了解图像补丁嵌入，从简单的展开到 2D 卷积

本文链接：https://blog.youkuaiyun.com/Java_rich/article/details/148170175

transformer 架构如此强大，因为它不会在文本、图像或任何数据及其组合之间产生任何差异。“Attention” 模型计算序列中每个标记之间的自相似性，允许汇总和生成任何类型的数据。Vision Transformer 通过将图像分解为二次色块来实现这一点，然后将其展平为单个矢量嵌入。此时，可以像处理文本嵌入（或任何其他嵌入）一样处理它们，甚至可以与其他数据类型连接。通常，创建 patchs 的步骤与使用 2D 卷积的第一个可学习的非线性转换相结合，这可能很难解包。本文将深入探讨这一步。本文的编写目的是，您可以通过将代码片段复制并粘贴到 colab 工作表中来进行作。

数据

我们将使用 MNIST 数据集，这是一组手写数字，通常用于训练基本图像分类器。MNIST 镜像在 Torch 中可用，并且可以方便地使用 DataLoader 类加载：

from torchvision.datasets.mnist import MNIST
from torch.utils.data import DataLoader
import torchvision.transforms as T
import torch

torch.manual_seed(42)

img_size = (32,32) # We will resize MNIST images to this size
batch_size = 4

transform = T.Compose([
  T.ToTensor(),
  T.Resize(img_size)
])

train_set = MNIST(
  root="./../datasets", train=True, download=True, transform=transform
  )

train_loader = DataLoader(train_set, shuffle=True, batch_size=batch_size)

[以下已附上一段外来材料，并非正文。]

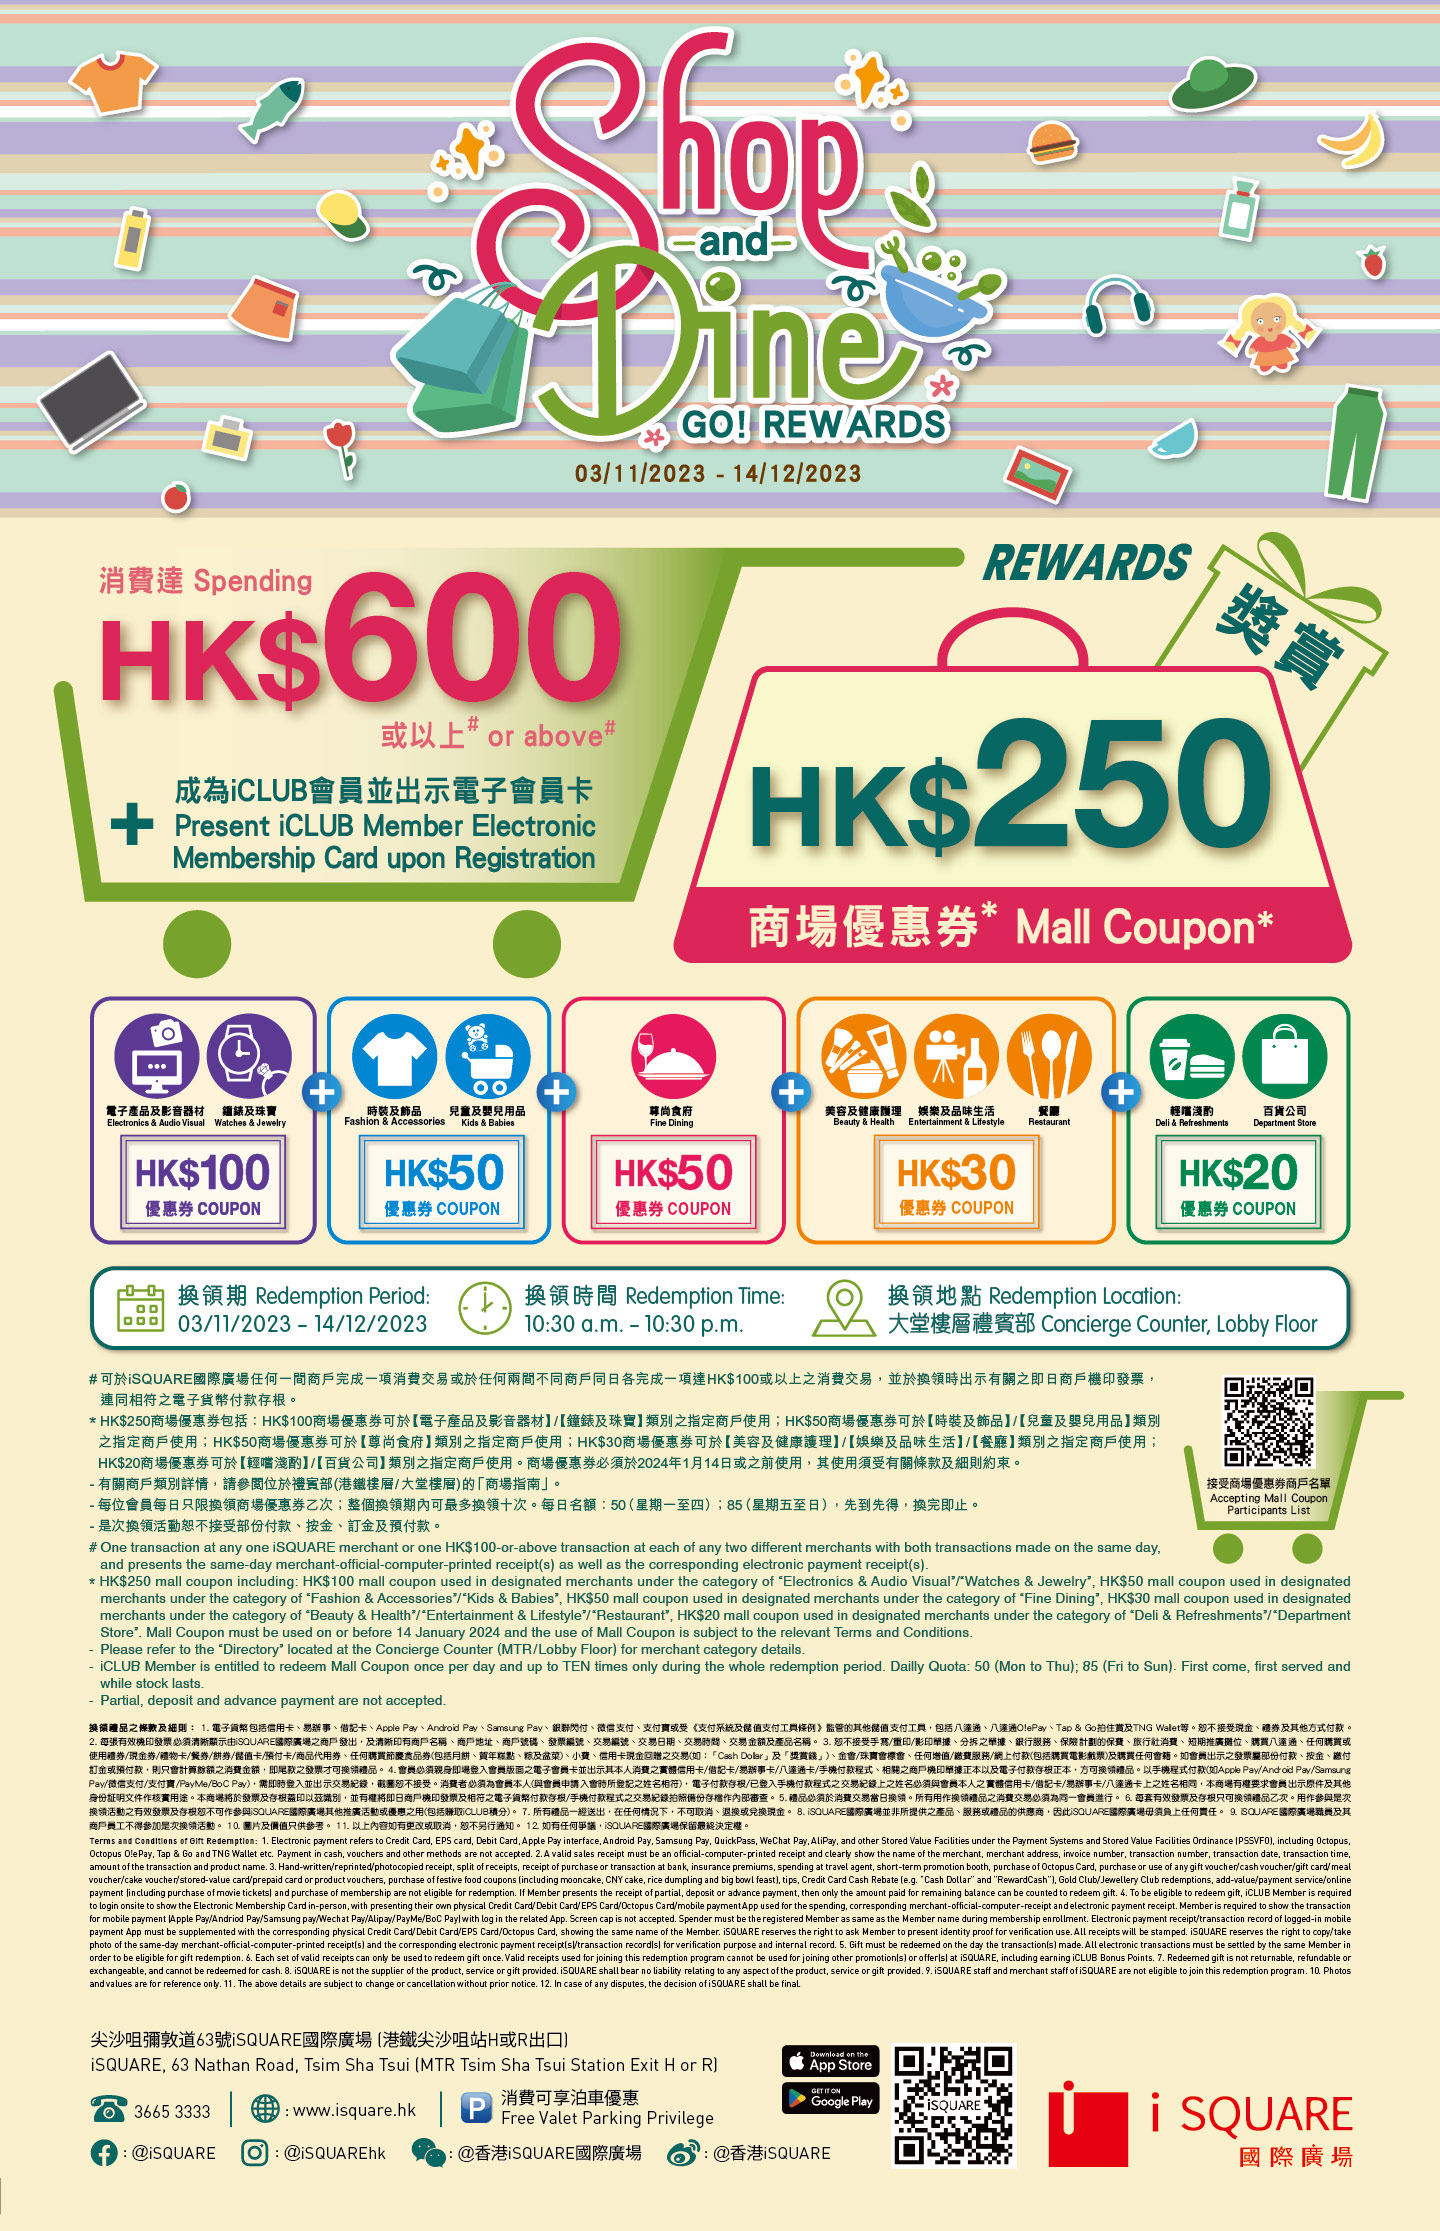 【Shop & Dine GO! Rewards】消費滿HK$600 即可換領「HK$250商場優惠券」
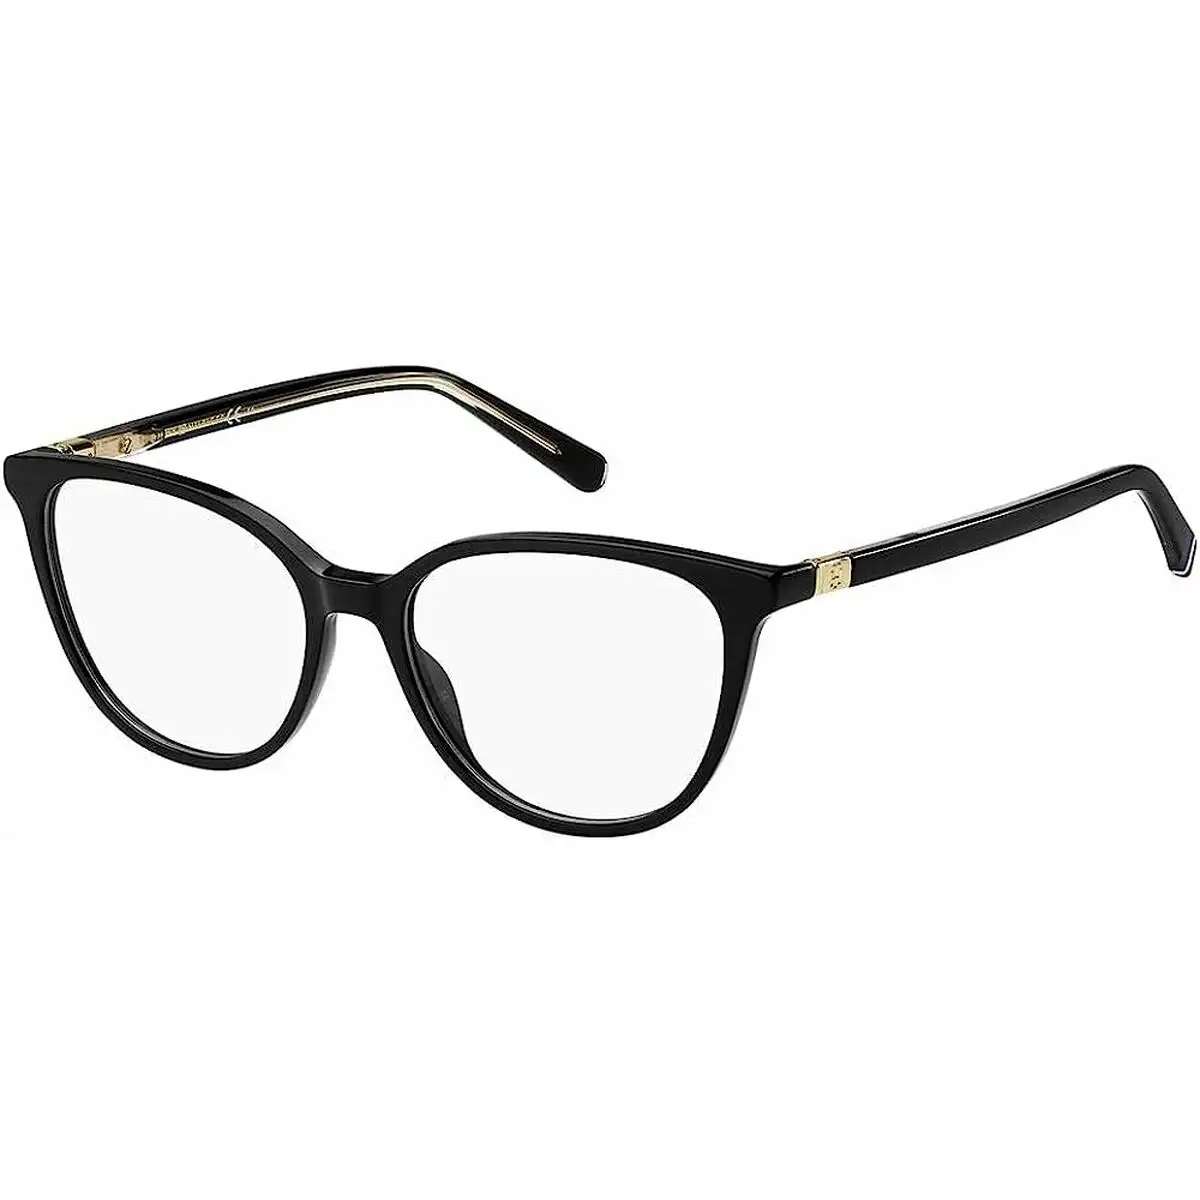 Monture de lunettes femme tommy hilfiger th 1964_3166. DIAYTAR SENEGAL - L'Art du Shopping Sublime. Naviguez à travers notre catalogue et choisissez parmi des produits qui ajoutent une touche raffinée à votre vie quotidienne.

batch = next(iter(train_loader)) # loads the first batch

该代码下载 MNIST 数据集，提供 Torch 转换，将图像转换为 Torch 张量并将其大小调整为 32x32。然后，我们使用 DataLoader 类加载一批 batch_size = 4 张图像。我们使用 torch.manual_seed 将随机生成器初始化为相同的值，从而允许您在笔记本中看到与此处相同的图像。

您可以使用 matplotlib 可视化由四个图像和四个标签组成的批处理：

import matplotlib.pyplot as plt

# batch[0] contains the images and batch[1] the labels
images = batch[0]
labels = batch[1]

# Create a figure and axes for the subplots
fig, axes = plt.subplots(1, batch_size, figsize=(12, 4))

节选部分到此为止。